Assigned task> In your copy, leave out the pictures and repeat the entries below exactly.
Data to examine section start
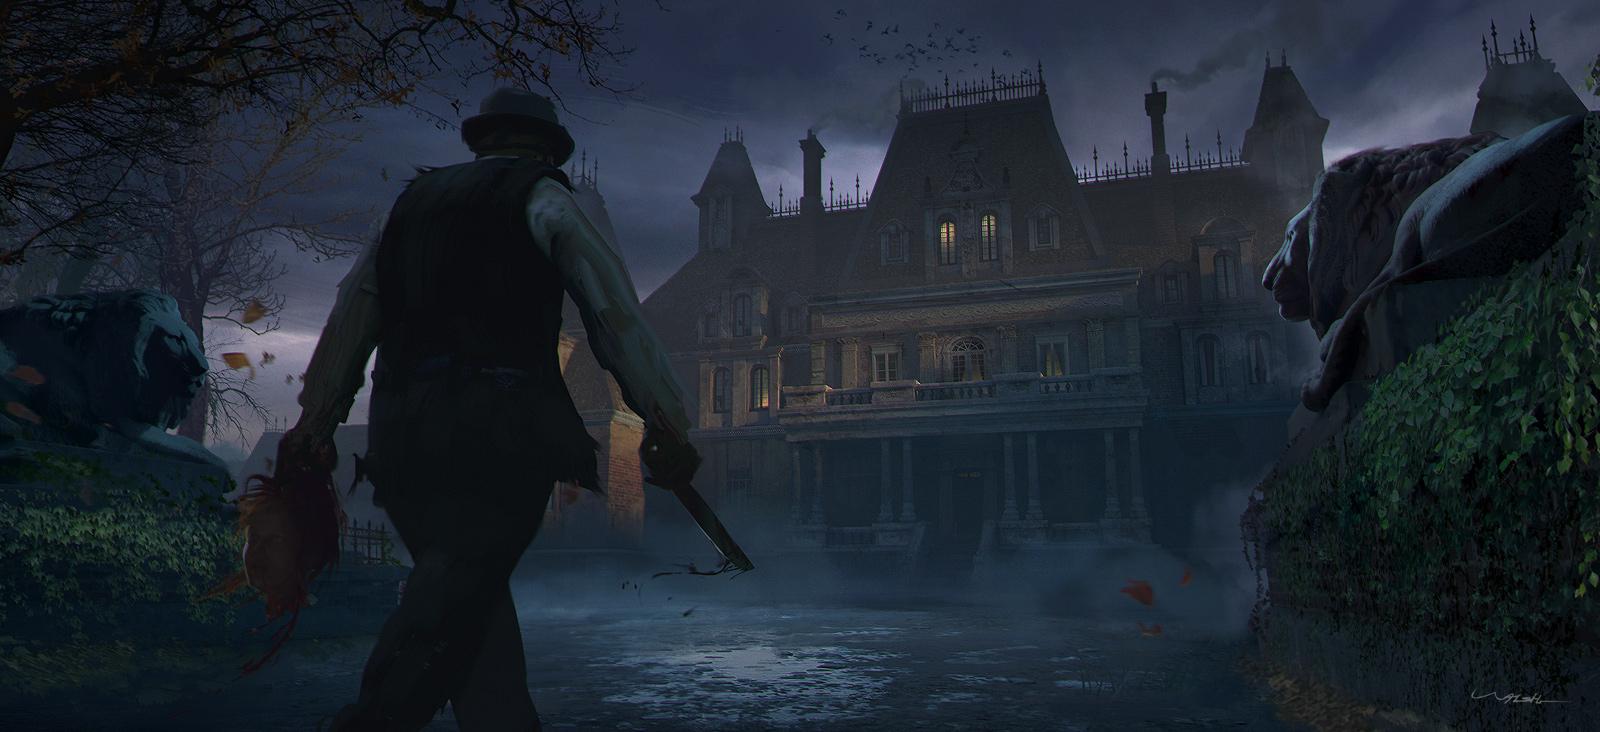 Jason The Ripper - Victorian Mansion
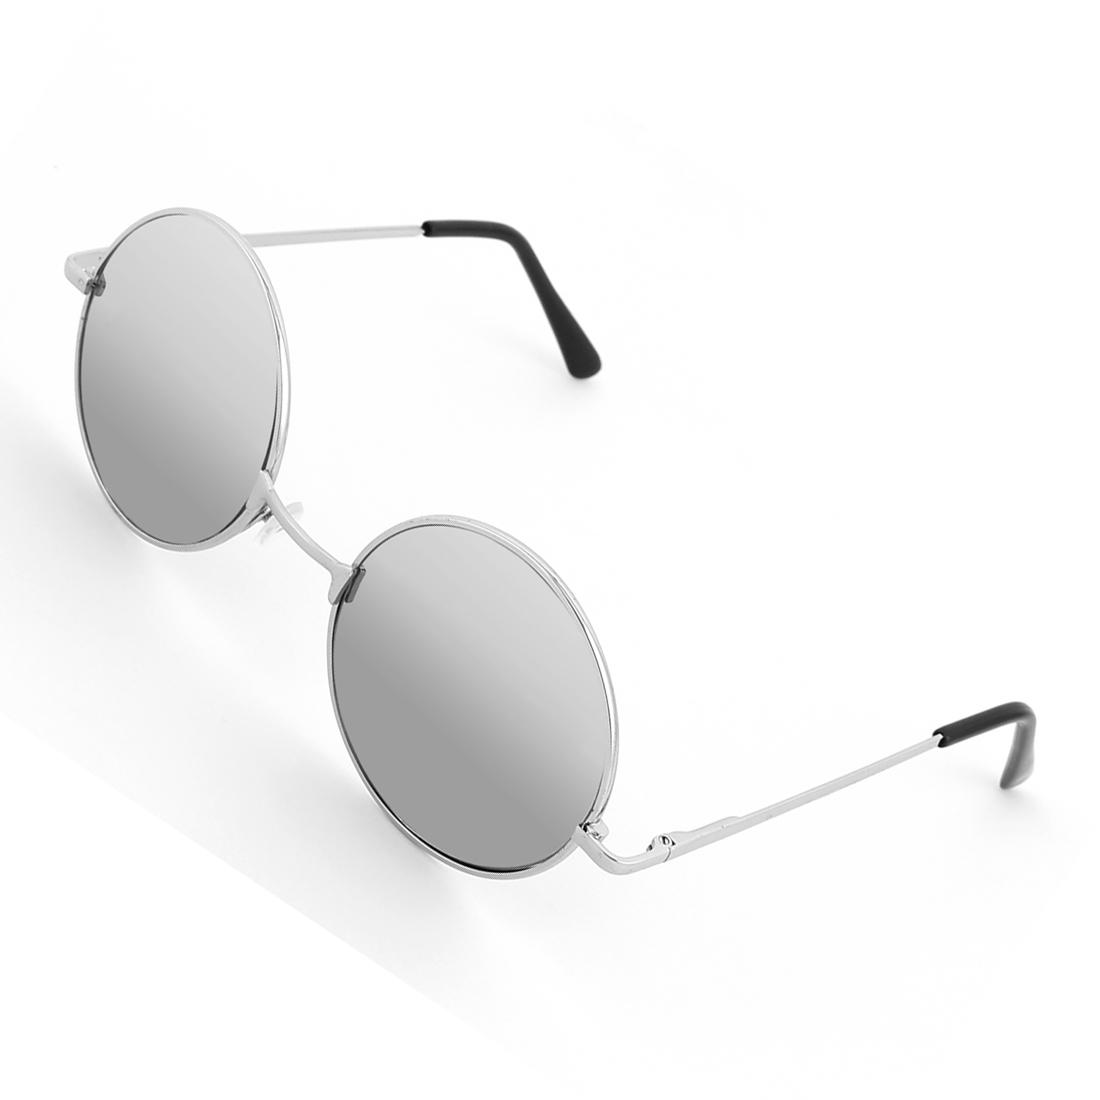 Vintage Retro Style Black Steampunk Sunglasses Round Glasses Goggles
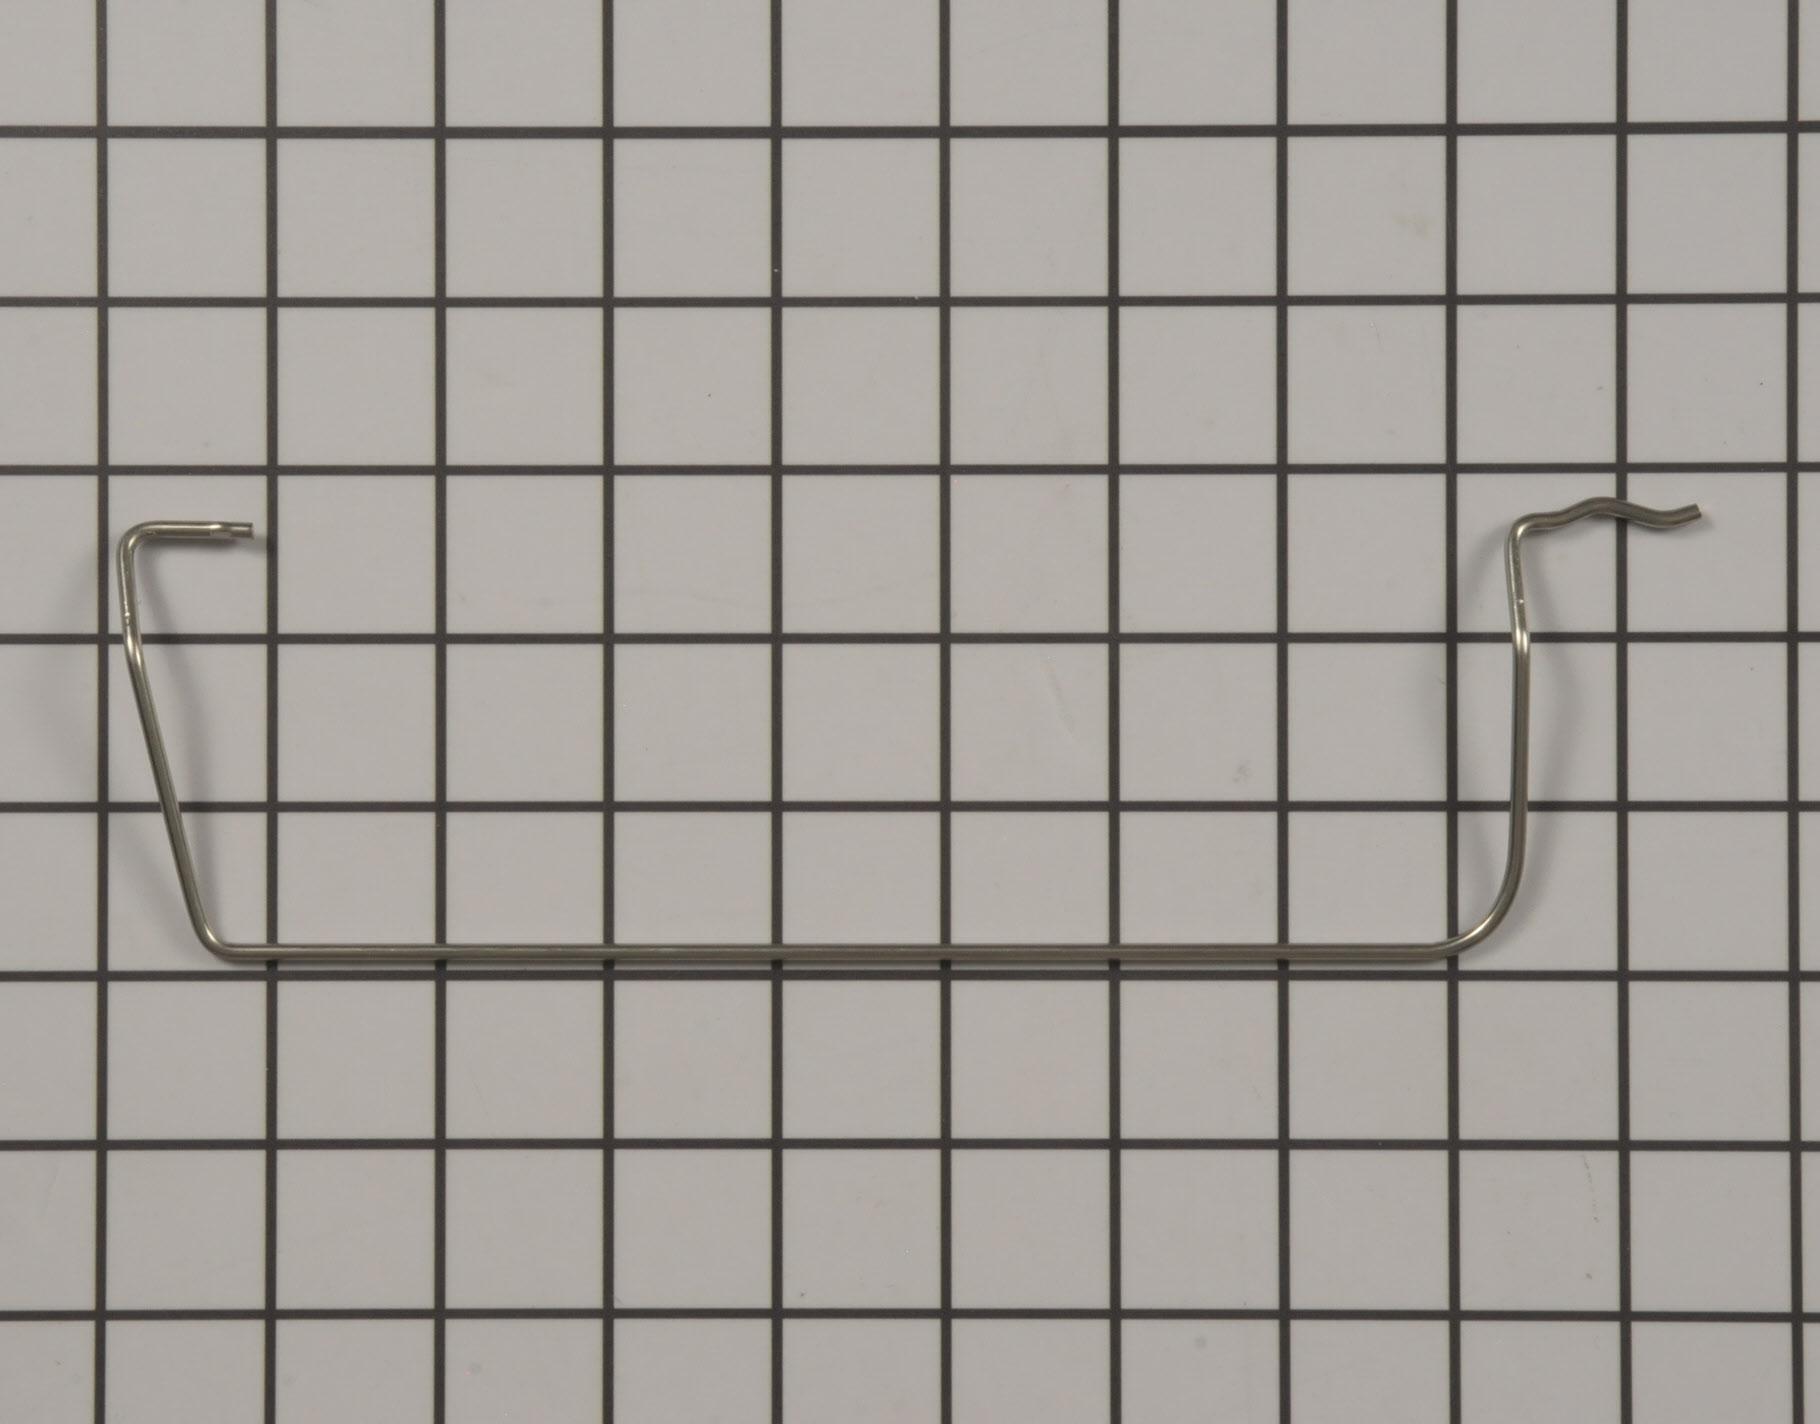 Whirlpool Refrigerator Part # WPW10378254 - Ice Level Arm
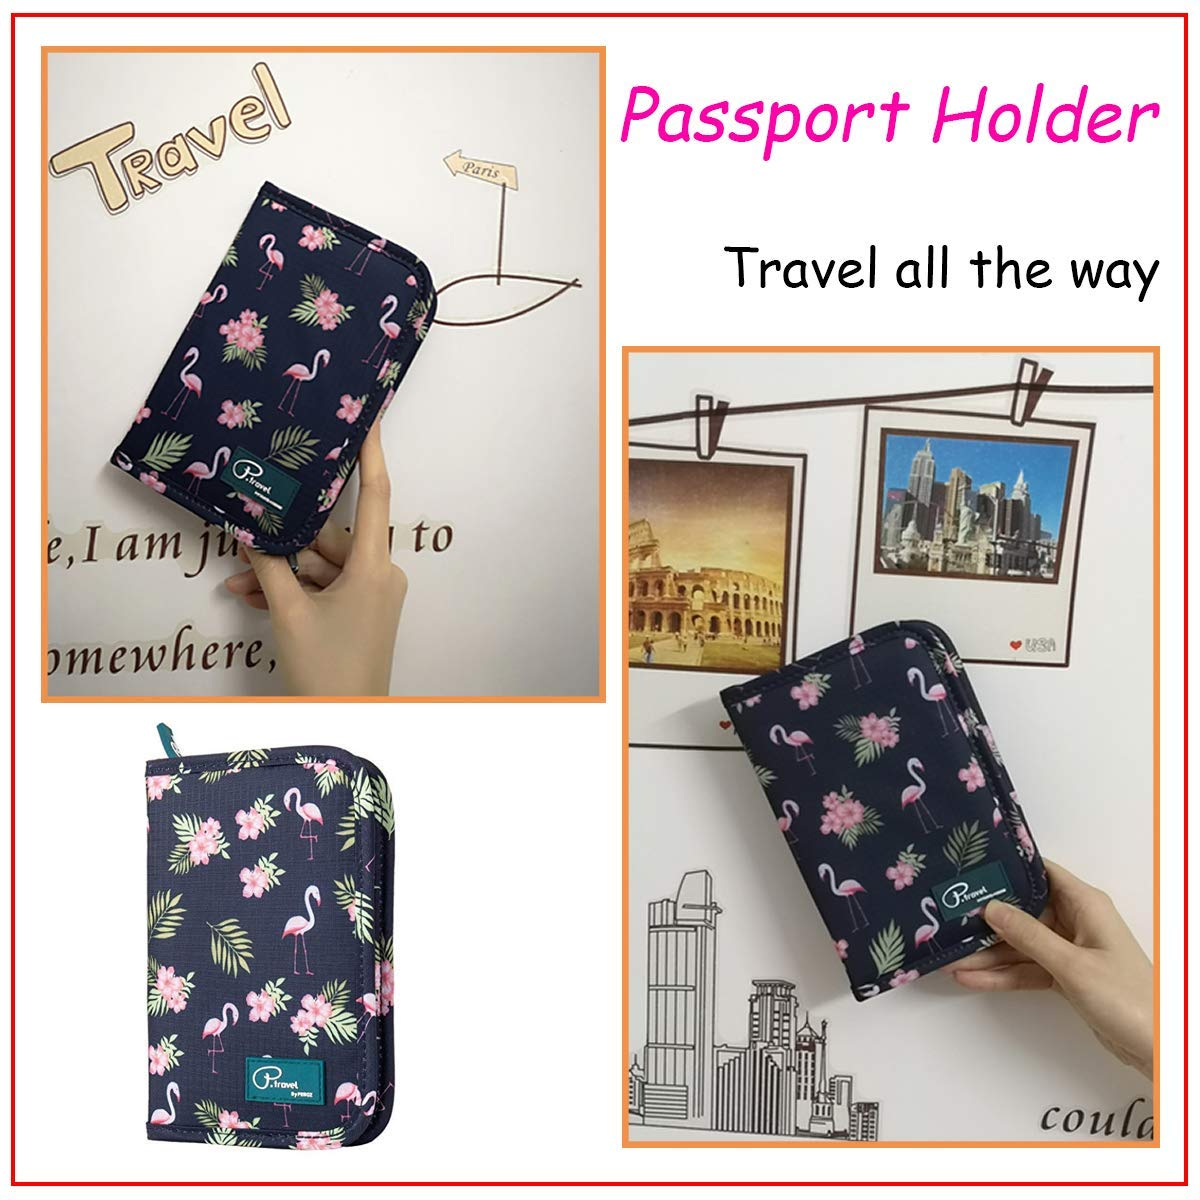 Flamingo SQSM Passport Wallet Holder for Men/&Women,RFID Blocking Travel Waterproof Credit Card/&Money Bag Multifunctional,Travel Wallet Passport Organiser Case with Zipper
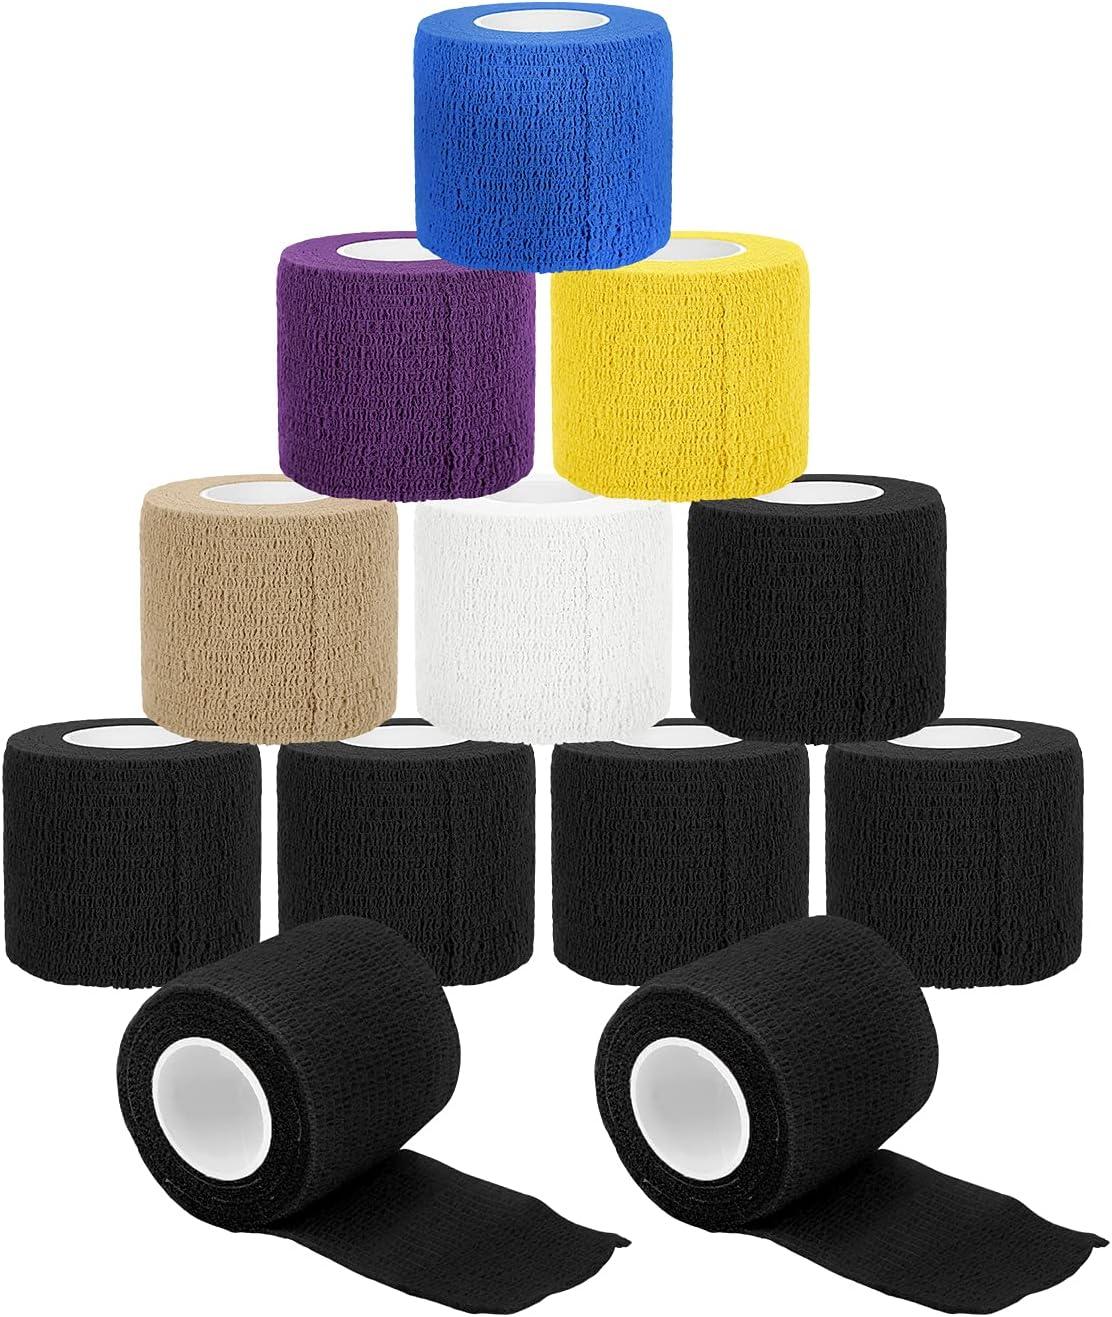 Self Adhesive Detroit Mall Direct sale of manufacturer Bandage Wrap Jaywayne Tattoo Vet 12PCS Tape Grip W
Data to examine section end
Exercise result>
 Jason The Ripper - Victorian Mansion
 Vintage Retro Style Black Steampunk Sunglasses Round Glasses Goggles
 Whirlpool Refrigerator Part # WPW10378254 - Ice Level Arm
 Flamingo SQSM Passport Wallet Holder for Men/&Women,RFID Blocking Travel Waterproof Credit Card/&Money Bag Multifunctional,Travel Wallet Passport Organiser Case with Zipper
 Self Adhesive Detroit Mall Direct sale of manufacturer Bandage Wrap Jaywayne Tattoo Vet 12PCS Tape Grip W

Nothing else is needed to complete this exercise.